**Required work:**
Pictures are to be left out; otherwise, copy exactly the lines from the line containing "Via Torresi, la" through the end of the data.

**Provided data:**

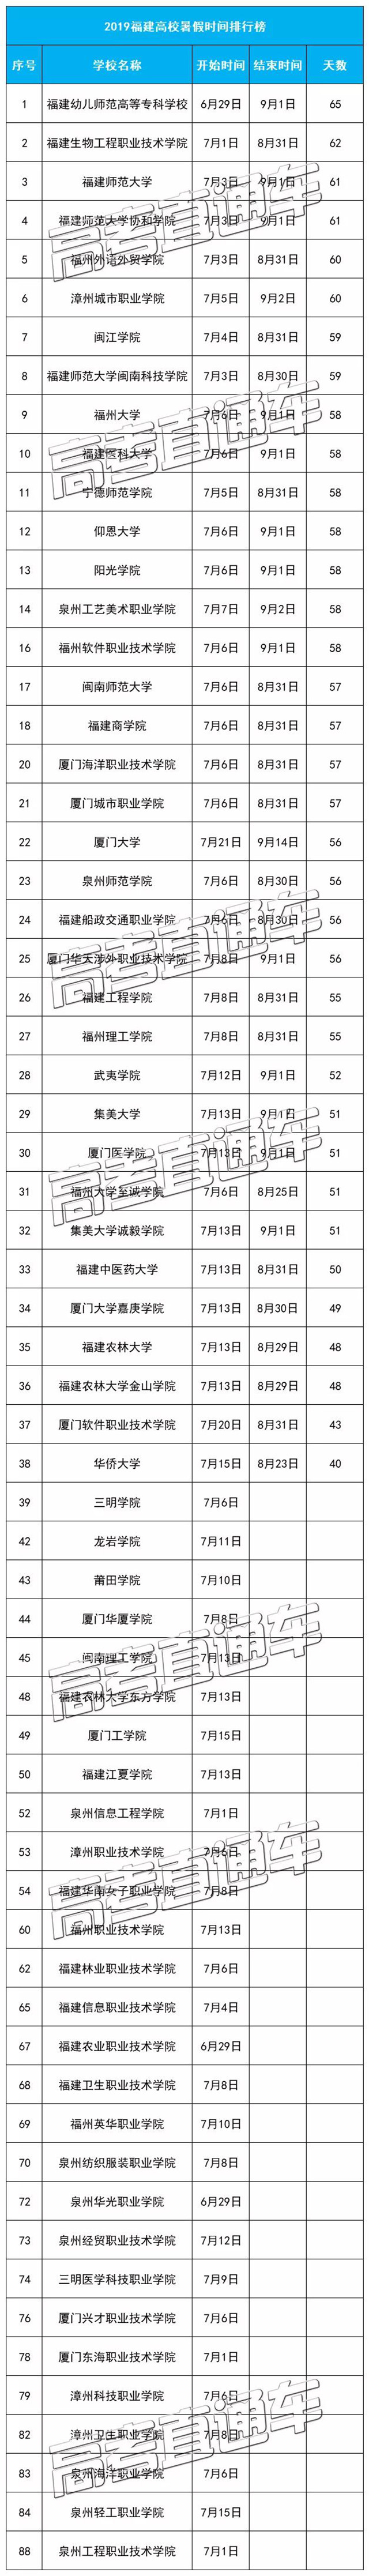 2019福建高校暑假放假时间表:真香,排行第一足足多了1个月
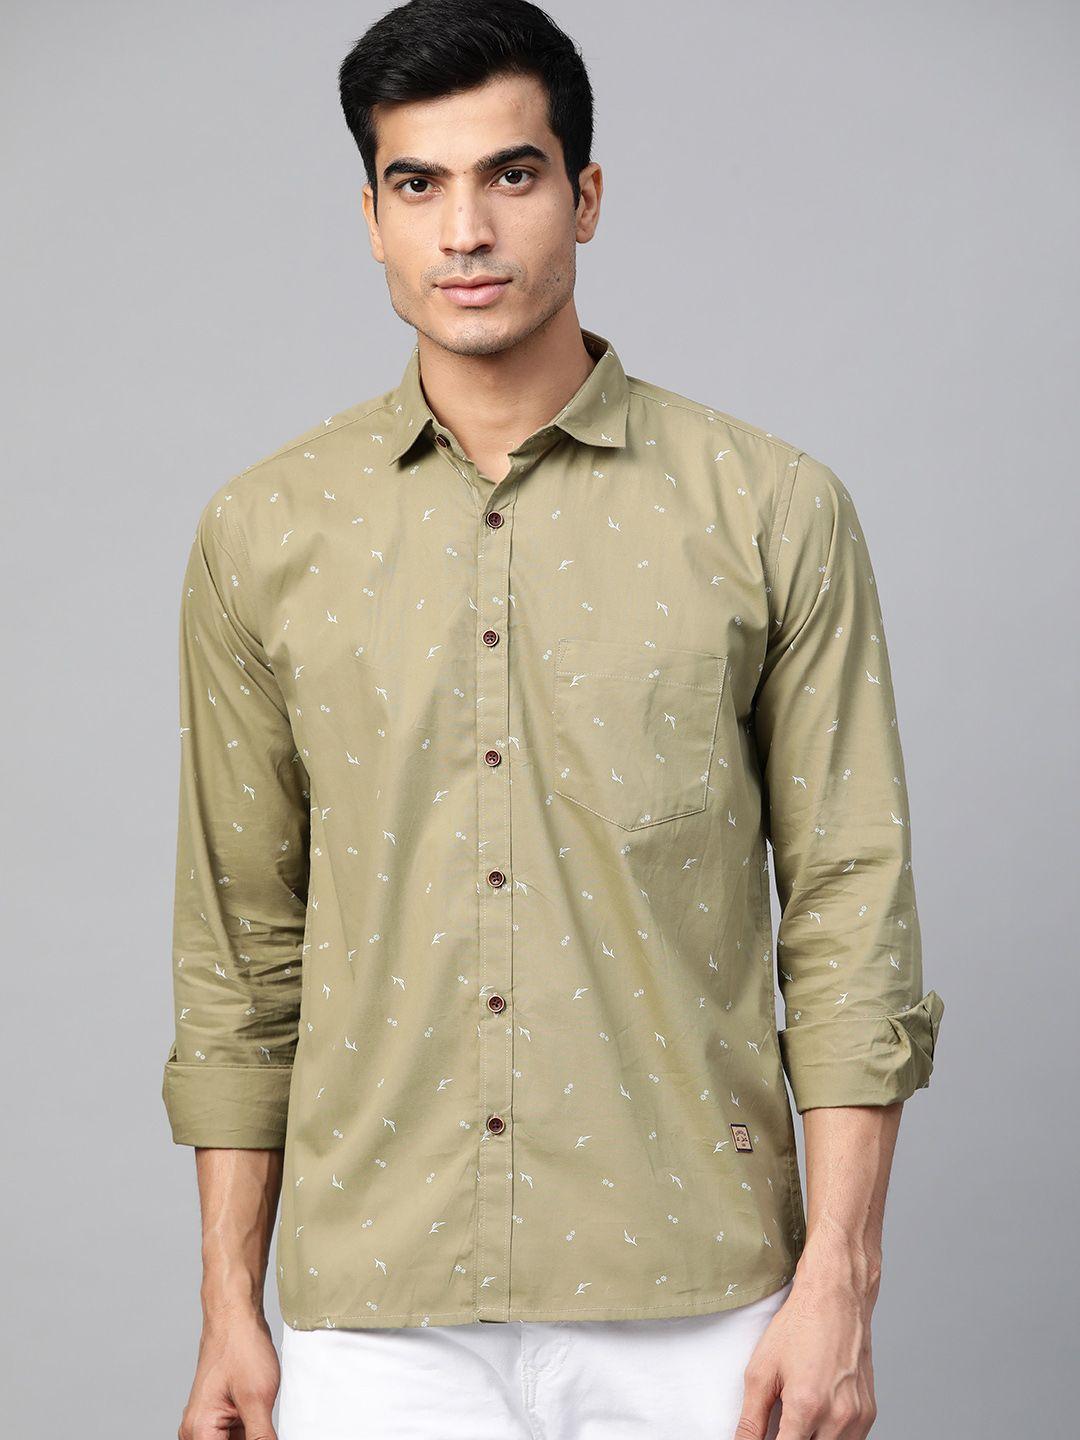 dennison men olive green comfort slim fit ditsy floral print casual shirt
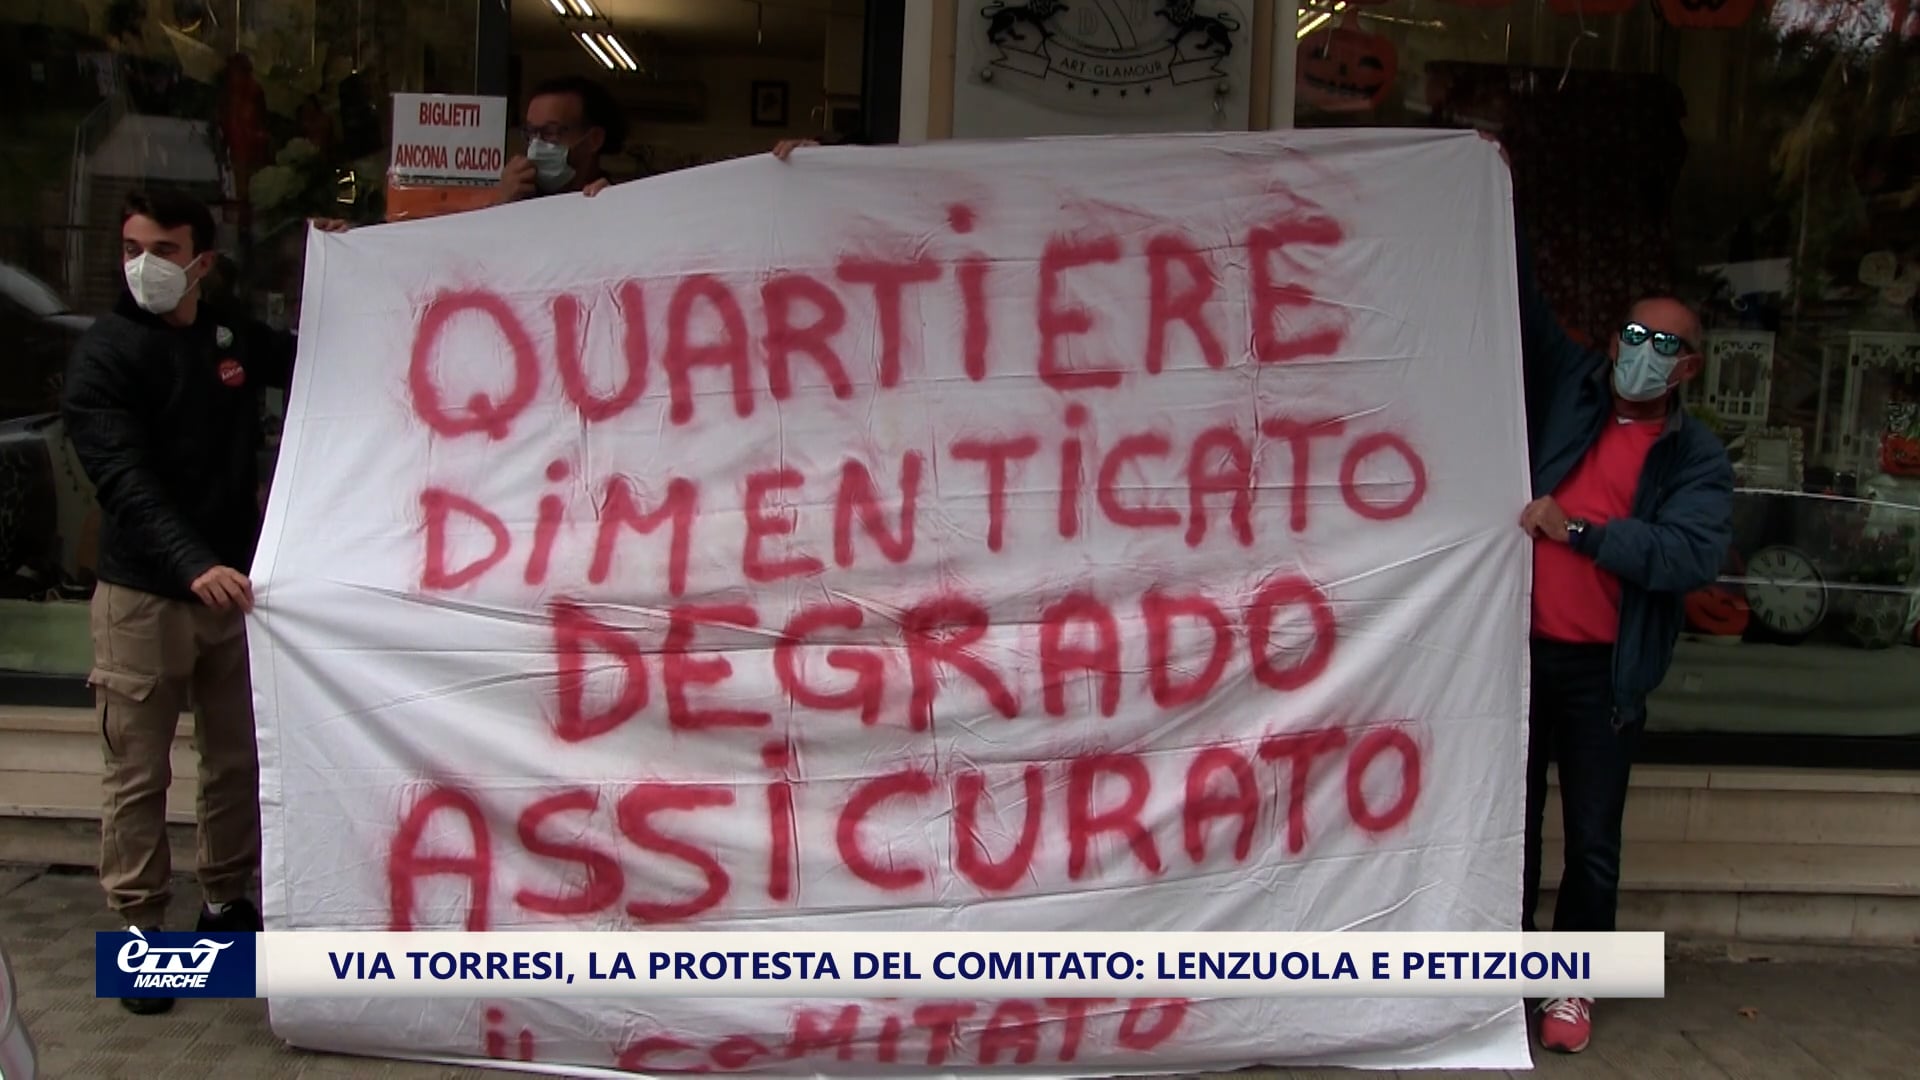 Via Torresi, la protesta del Comitato: lenzuola e petizioni
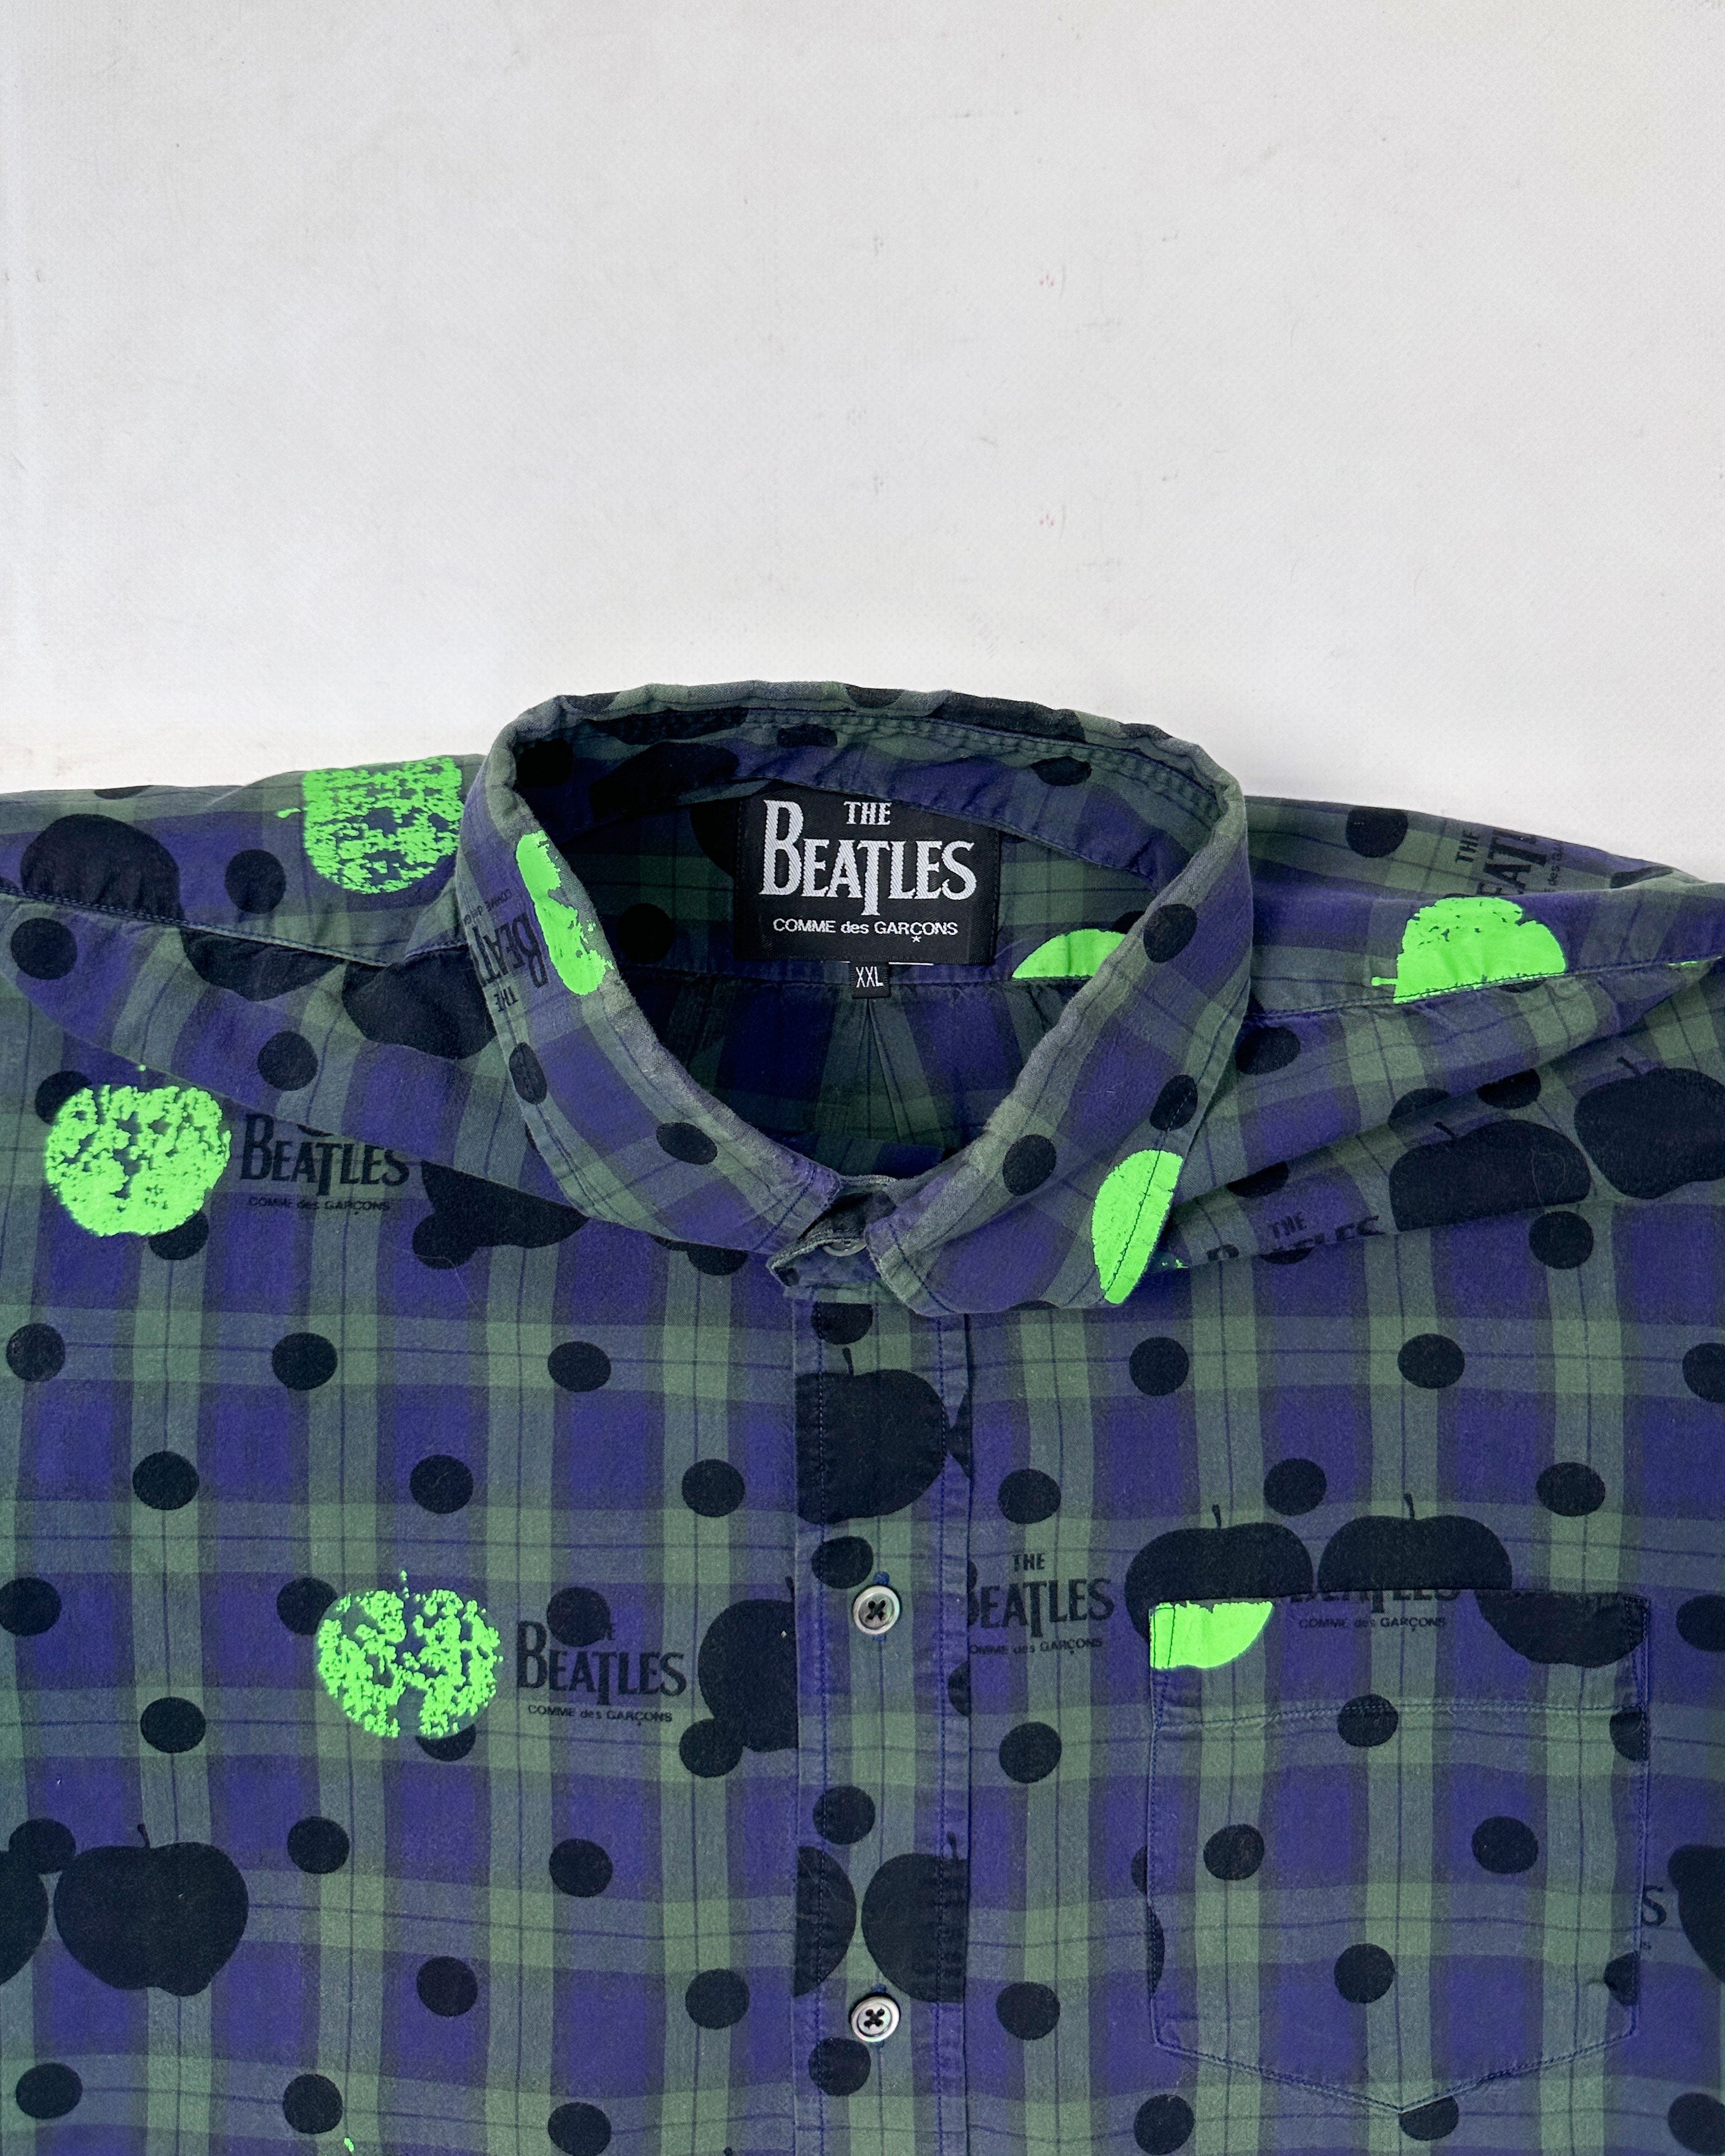 Comme des Garçons X The Beatles Printed Shirt 2012 – Vintage TTS

**Result of the task:**
 Via Torresi, la protesta del Comitato: lenzuola e petizioni
 Comme des Garçons X The Beatles Printed Shirt 2012 – Vintage TTS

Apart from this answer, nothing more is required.